But SVB’s role in the startup community went well beyond banking services, some industry insiders say.

The company was a source of so-called venture debt, or loans for startups that had already secured some venture capital, said Morton and others. “A bank like Silicon Valley Bank will see that you have … the confidence of investors to go raise money, and will give you a loan based on that,” Morton said.

SVB also used its relationships with VC firms to help startups attract funding.

“If you’re a startup using Silicon Valley Bank, it gives the investor a high degree of confidence, because they know it’s a good reputable bank they’re dealing with and that the startup is genuine,” said a local tech executive whose company has been a SVB customer.

The executive asked to remain anonymous because they weren’t authorized by their employer to speak on a subject regarded as sensitive.

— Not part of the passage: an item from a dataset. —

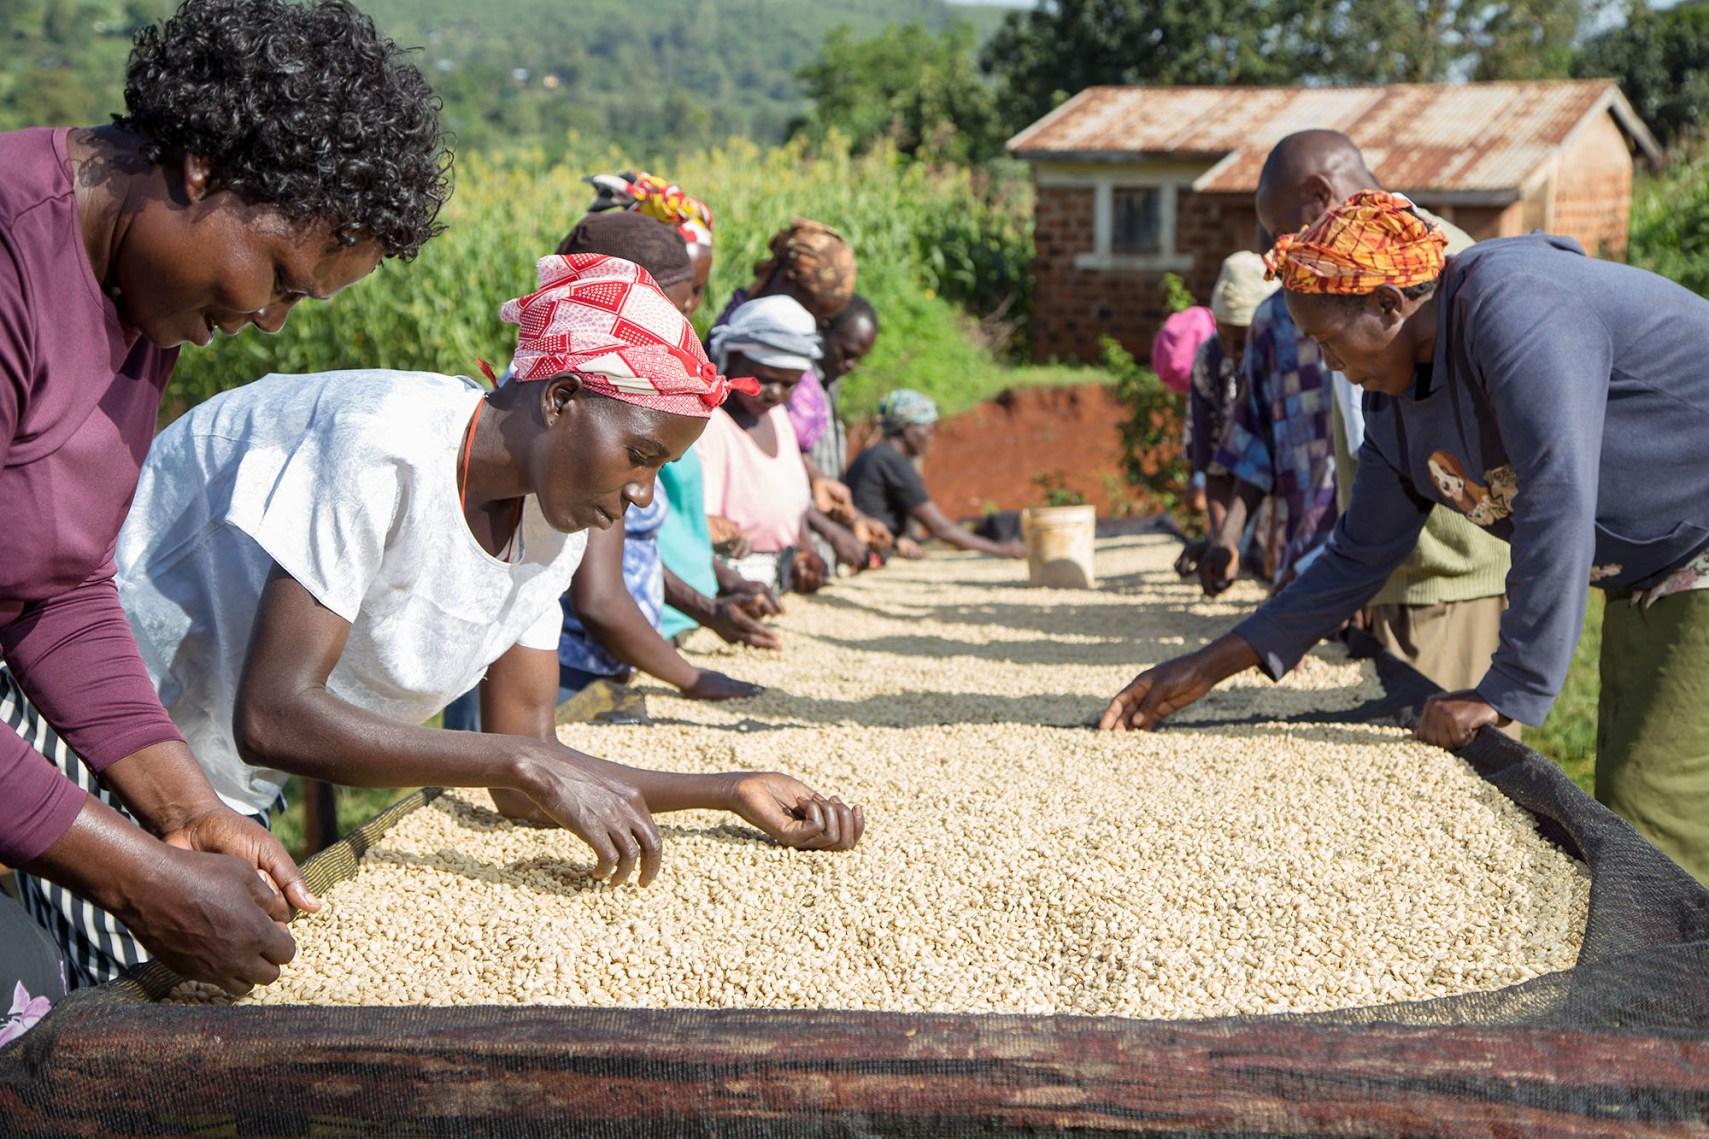 Cooperative members quality-sort coffee in Rachuonyo South, Kenya.

That role may not be filled quickly, said FlowPlay’s Morton.

“I’m not aware of anybody else that was filling that niche in Seattle,” he said. “It will be mostly Bay Area companies.”

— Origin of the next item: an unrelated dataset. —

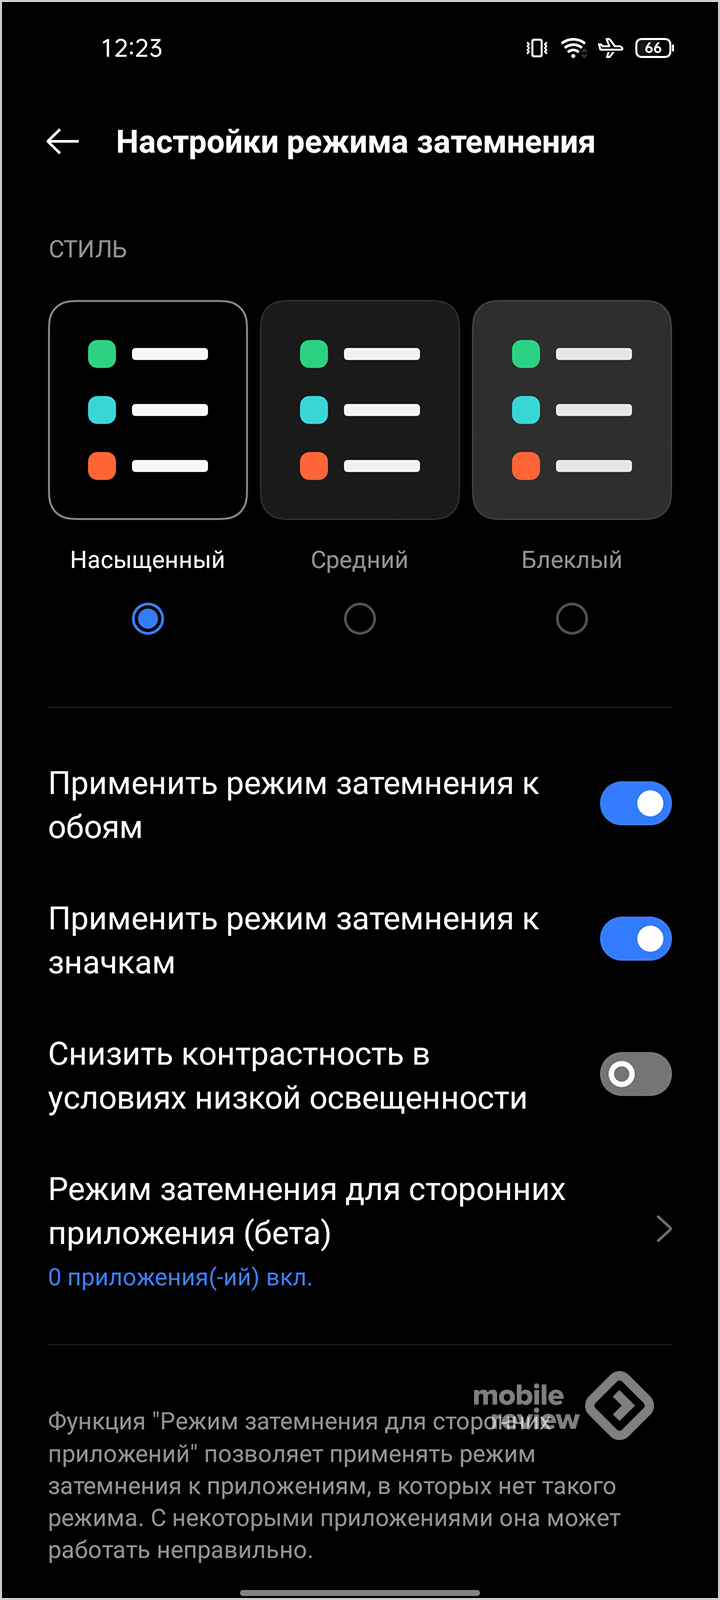 Обзор оболочки realmeUI2.0

Parker is more optimistic, noting that other banks, including WaMu-inheritor JPMorgan Chase, have also been developing expertise in startup finance. But for years, he says, SVB was “the only game in town.”

McLaughlin, with Metis, sees a similar impact among former SVB customers in the wine sector. “There’s plenty of lending available,” he said. But “there are few lenders with the level of expertise that SVB has, so that’s the real loss.”